Looking at the data another way, weeklies also have a wider distribution of pages per issue: some weeklies have similar page counts to dailies; other weeklies have more—though not, in general, as many pages as monthlies.

In general, there is a clear (negative) correlation between the number of days between issues and the number of characters published per day. On both dimensions, these distibutions have low overlap.

The number of characters published per day gives us an upper bound on the amount of editorial and compositorial labor needed to produce a newspaper. Without circulation information, we are not able to include paper costs, although changes in pages per issue can give us short-term estimates of it, nor are we able to estimate the total amount of text in circulation. Finally, working with a rate helps us adjust for newspapers that started or stopped publication in a given year.

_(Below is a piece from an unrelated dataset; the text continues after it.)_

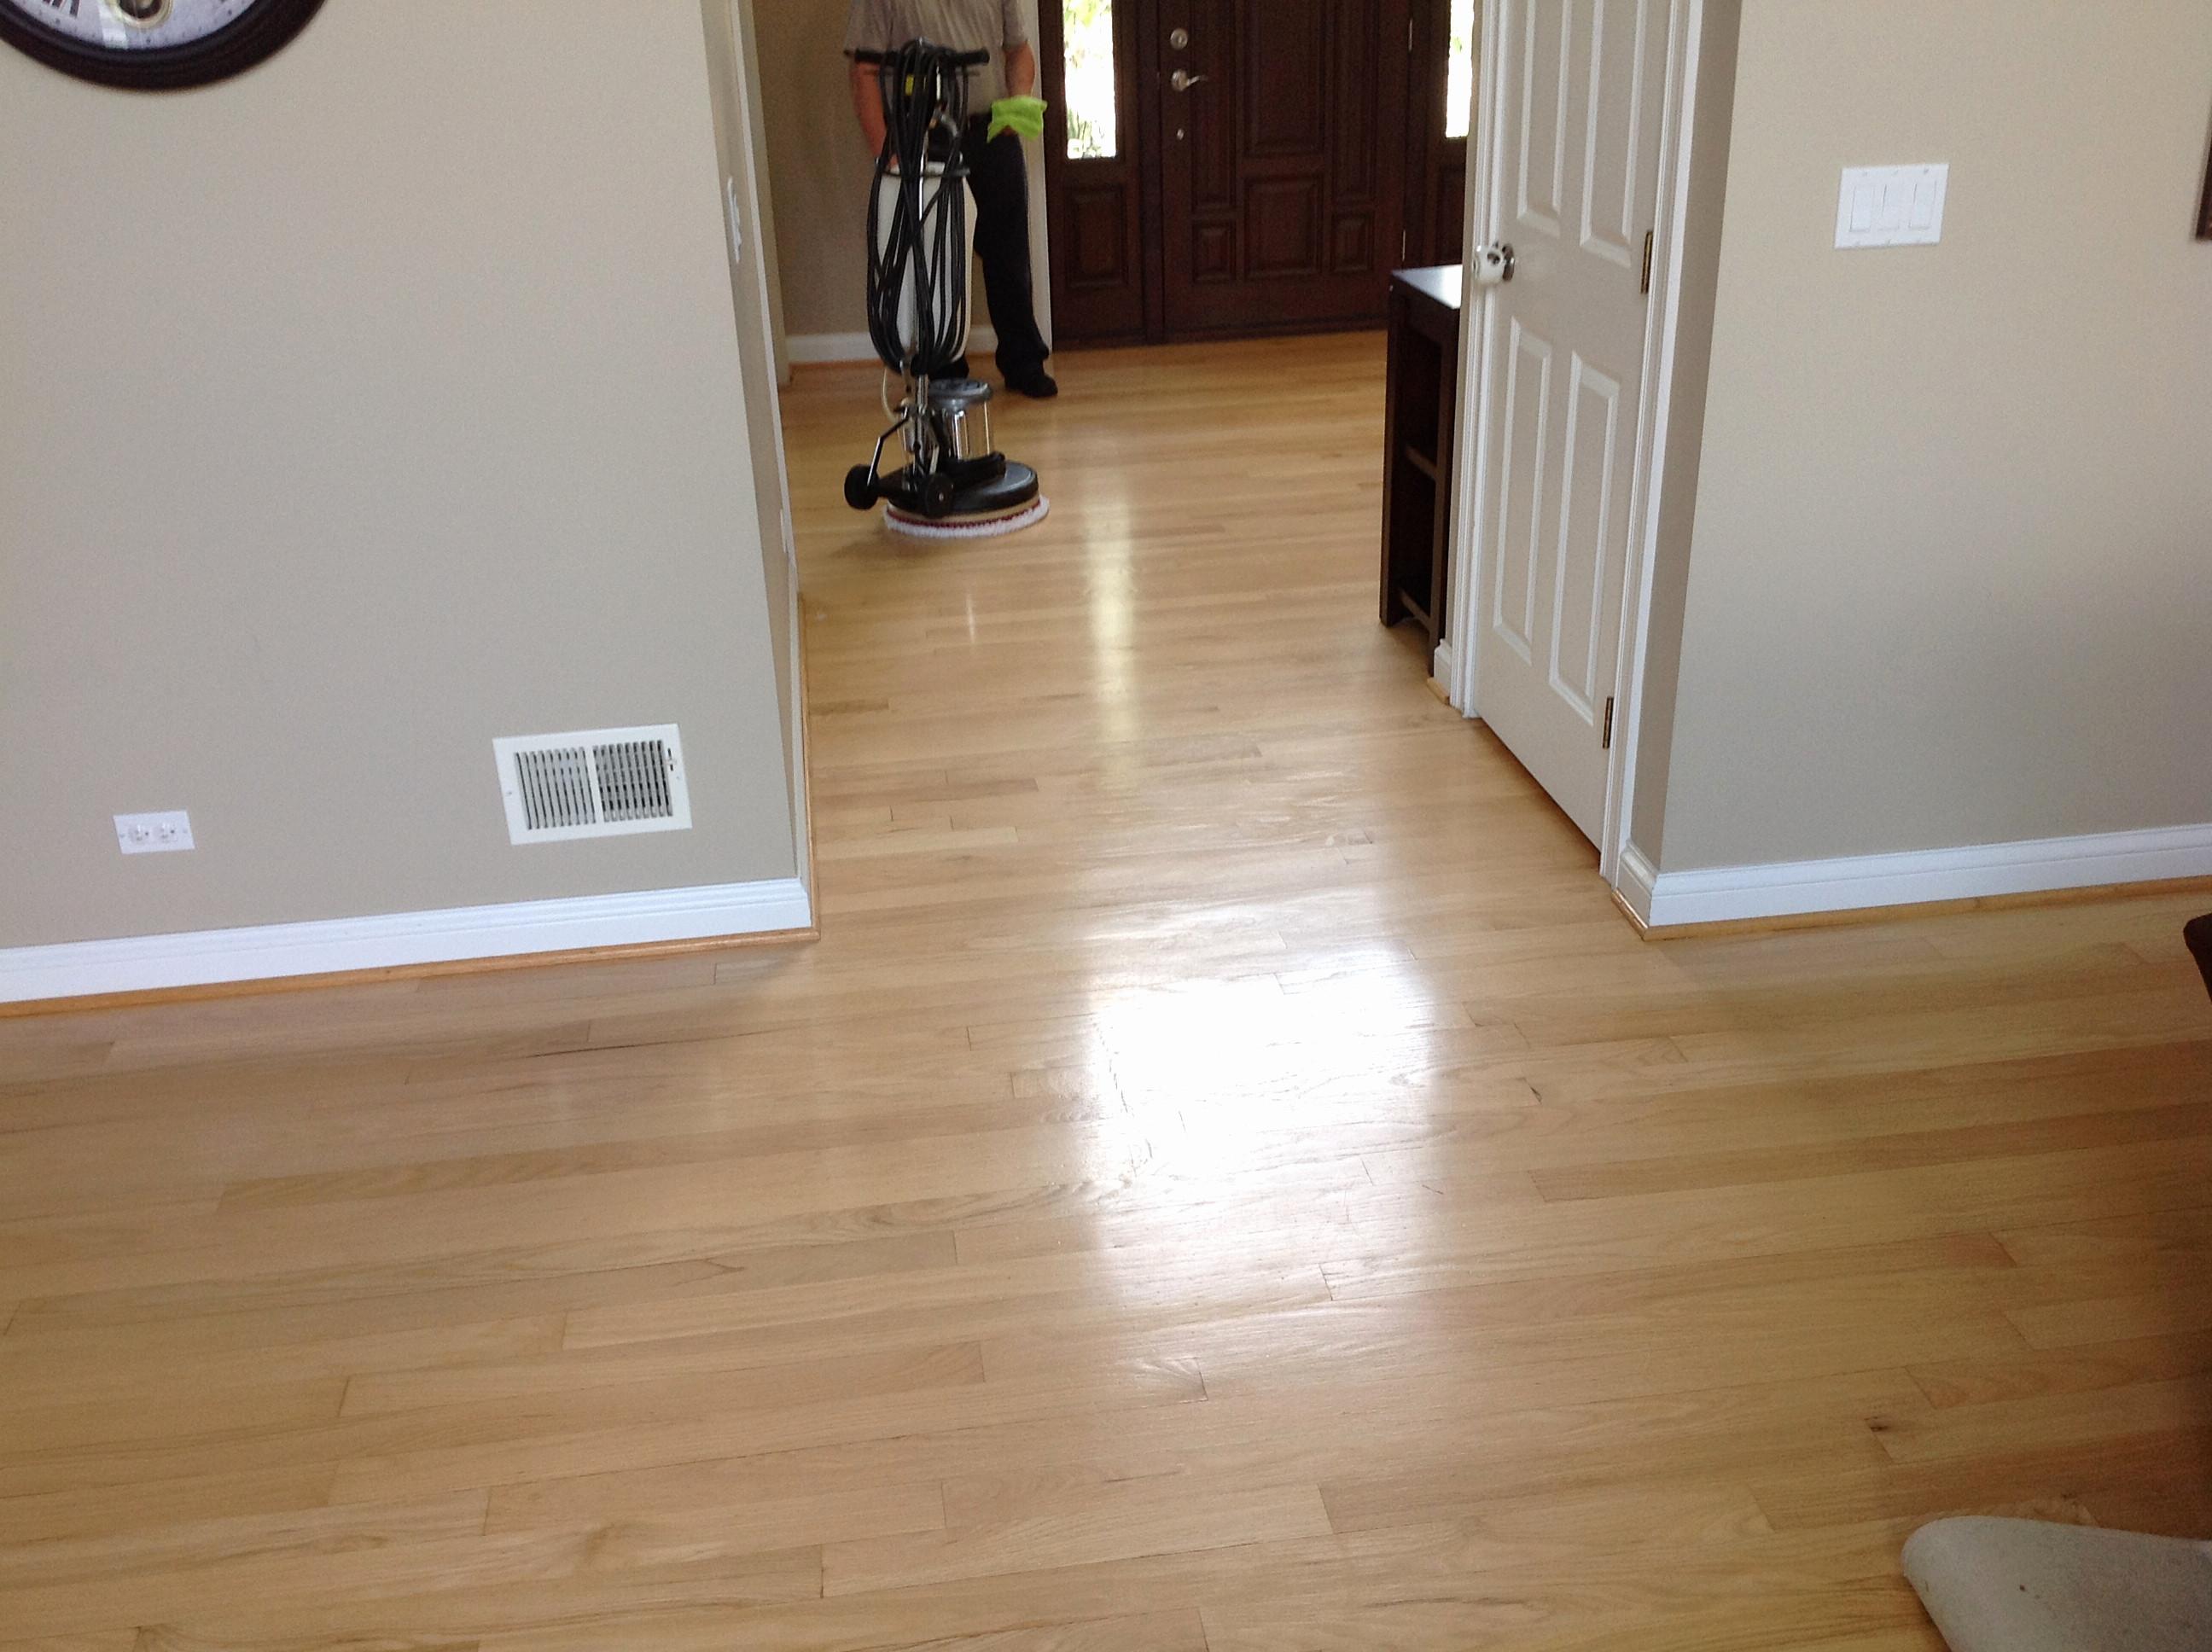 hardwood floor steam cleaner of wood floor cleaner floor floorod cleaning hardwood carpet lake pertaining to wood floor cleaner floor floorod cleaning hardwood carpet lake forest il rare image

Characters per day is, as we said, an upper bound on the amount of content needed to publish a paper. As we shall see, editors might lay down the quill and take up the scissors—using exchanges and other reprints to fill newspaper columns. For mastheads, boilerplate on subscription and advertising rates, and advertisements appearing in several running issues, compositors could leave matter in type from one issue to the next to reduce their labor. Later in the nineteenth century, they could join syndicates that sent them plates. In later chapters, we will thus be able to contextualize our analyses of reprinting against this background of editorial and compositorial labor.

We incorporate the same features we used to predict whether a newspaper would be printed on a single sheet.

As we saw above, different types of newspapers are clearly separable on the log scale, so we train a linear regression model to predict the log of the daily output of a given series in a given year.

Besides the intercept of the linear model, which captures the average log characters per day, we see, unsurprisingly, that dailies have relatively higher output and weeklies and less frequent papers have lower output when normalized by number of days. The Black and non-English press have relatively lower rates of output. Newspapers also tend to have higher output when published in the same city as many newspapers or many dailies.

To use the linear regression model to give us an aggregate picture of total newspaper output, we convert the model’s predictions out of log space and back into counts of characters per day.

As with other variables we have analyzed in this chapter, the model estimates higher relative output at the end of the nineteenth century than the totals from the digitized sample alone and lower relative between 1840 and 1870.

We estimate that some states in particular had much more newspaper output towards the end of the nineteenth century than we see in the digitized sample: e.g., Indiana, Iowa, and (despite more robust digitization earlier in the century) Ohio and Pennsylvania.

Even more strikingly, a higher percentage of the newspaper output per day in the digitized sample comes from daily papers, but the output of weekly papers is significantly underrepresented in that sample compared to the model.

Looking at the same data another way, we see that the digitized sample attributes a greater rate of daily newspaper output to daily papers over weekly papers for the entire nineteenth century. As shown by the dashed lines, however, the model estimates that the total rate of output for daily papers only surpasses weeklies in the 1890s.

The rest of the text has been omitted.